Дмитрий Павлыч сконфузился и принял это на свой счет.
– Так вы говорите, Созонт Потапыч, что у вас посредники... – обратился Козелков к Праведному, чтоб рассеять овладевавшее им смущение.
– Из поджигателей-с![ 57 ] – кротко молвил Праведный и хныкнул.
– Скажите, однако!
– Всех на одну осину! – сквозь зубы произнес Гремикин.
– Проэкзаменуем-с, – еще кротче продолжал Праведный.
– На осину – и баста! и экзаменовать нечего!
– Нет-с, зачем же-с! По форме, Яков Филиппыч, по форме-с все сделаем-с... Позовем, этак, к столу-с, и каждый свою лепту-с...
– Но скажите, пожалуйста... может быть, я... Если б вам угодно было сообщить мне ваши соображения... я мог бы...
– Нет-с, вашество, этак-то лучше-с... Вот мы их ужо позовем-с, кротким манером побеседуем-с, а потом и попросим-с...
– Но ежели они не согласятся?
Праведный опять хныкнул.
– Ну уж, об этом спросите, вашество, у Якова Филиппыча! – молвил он как-то особенно мягко.
Козелков взглянул на Гремикина и увидел, что тот уже смотрит на него во всю ширину своих воспаленных глаз.
– Мы, вашество, «доходить» не любим! – продолжал между тем Праведный, – потому что судиться, вашество, – еще не всякий дарование это имеет!
Пожалуй, вашество, еще доказательств потребуете, а какие же тут доказательства представить можно-с?
– Поверьте, почтеннейший Созонт Потапыч, что я всегда готов! – горячо вступился Козелков, – я просто по одному слову благородного человека...
– Знаем, вашество! и видим это!

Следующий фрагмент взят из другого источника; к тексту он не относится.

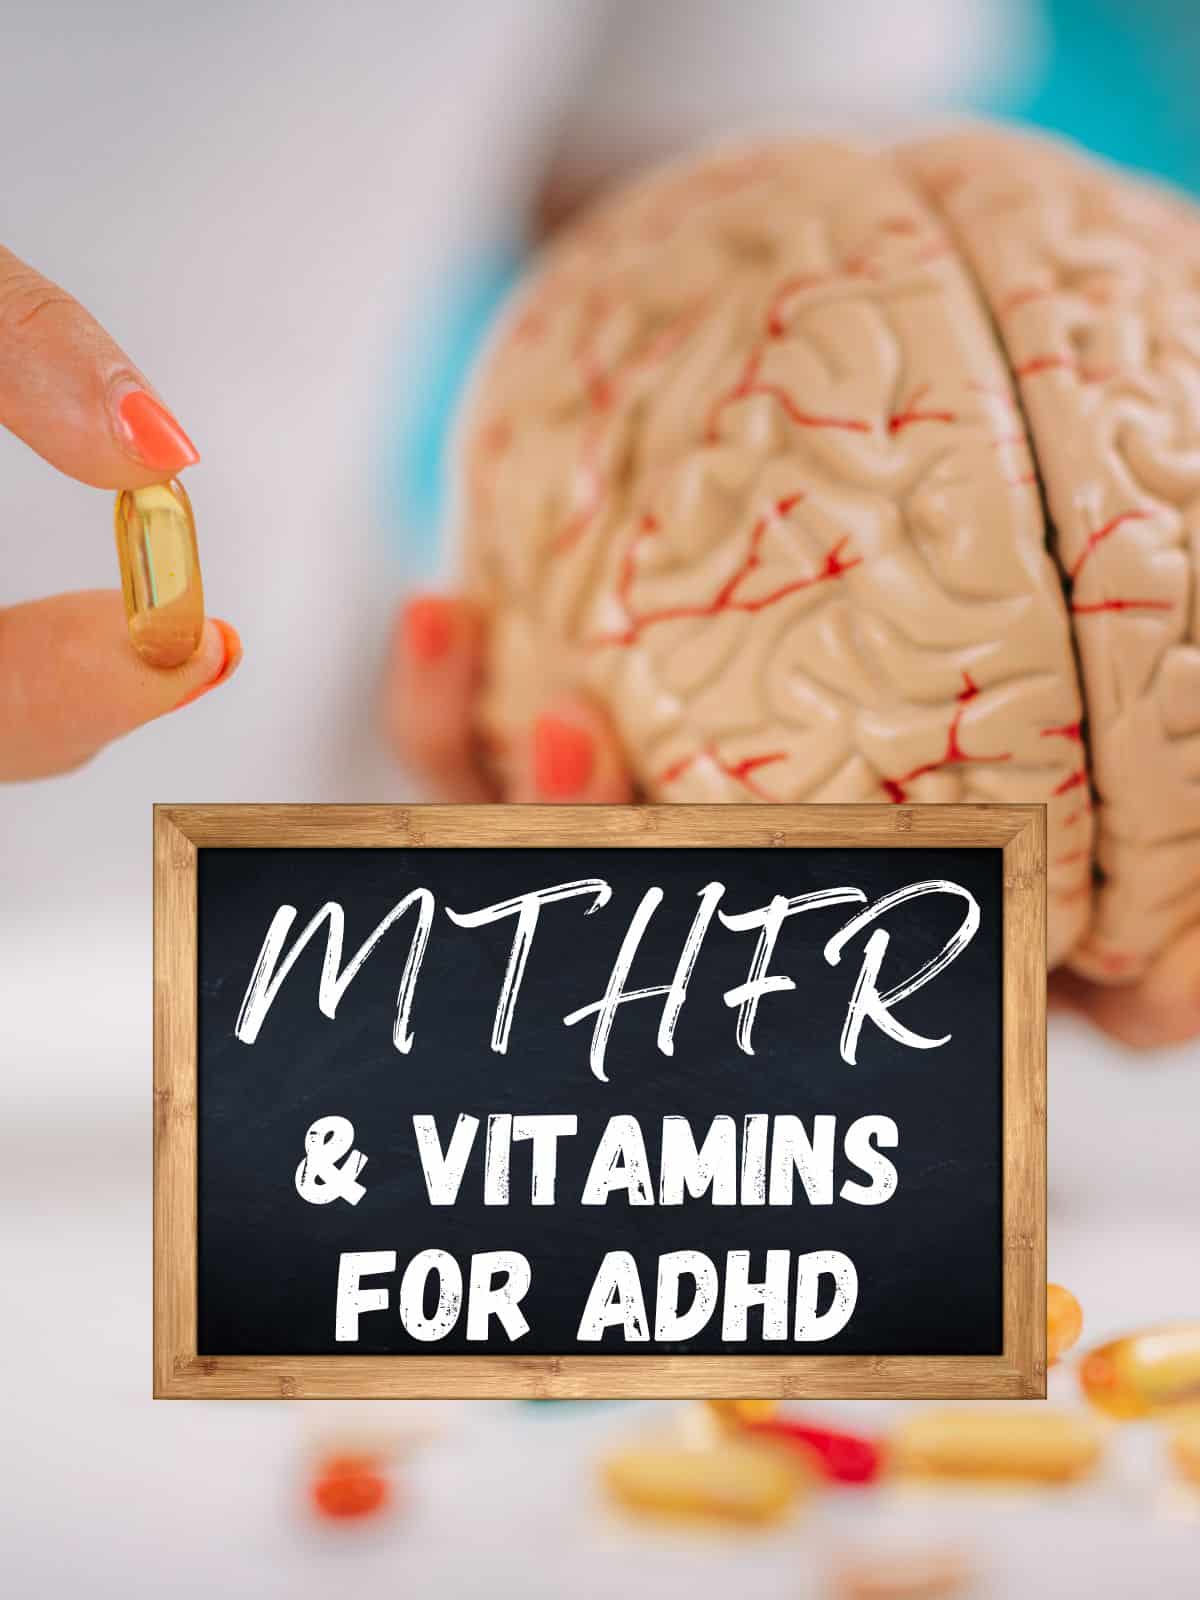 A person's hands holding a fake brain and a methylated vitamin with the text "MTHFR & Vitamins for ADHD."

Это точно, что у вашества чувства самые благородные...
– Следовательно, отчего ж вам не обратиться ко мне? обратитесь с полною откровенностью, доверьтесь мне... откройтесь, наконец, передо мной! – затолковал Дмитрий Павлыч и в самом деле ощутил, что в груди его делается как будто прилив родительских чувств.

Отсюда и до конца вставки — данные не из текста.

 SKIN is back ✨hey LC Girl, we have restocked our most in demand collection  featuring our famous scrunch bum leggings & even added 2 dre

– Дожидайся! – прошипел Гремикин, но так ясно, что шип его проникнул во все углы комнаты.
– Нет-с уж, вашество, зачем вам беспокоиться! мы это сами-с... сперва один к нему подойдет, потом другой подойдет, потом третий-с... и все, знаете, в лицо-с!..
– «Поджаривать» это по-нашему называется, – отозвался из угла чей-то голос.
– Это так-с, это точно-с. Потому, он тут, вашество, словно вьюн живой на сковороде: и на один бок прыгнет, и на другой бок перевернется – и везде жарко-с!
Праведный вздохнул и умолк; прочие присутствующие тоже молчали.
Гремикин смотрел на Козелкова так пристально, что последнему сделалось совсем неловко.
– А нельзя ли, голубчик, стаканчик чайку мне? – обратился Праведный к лакею, – да жиденького мне, миленький, жиденького!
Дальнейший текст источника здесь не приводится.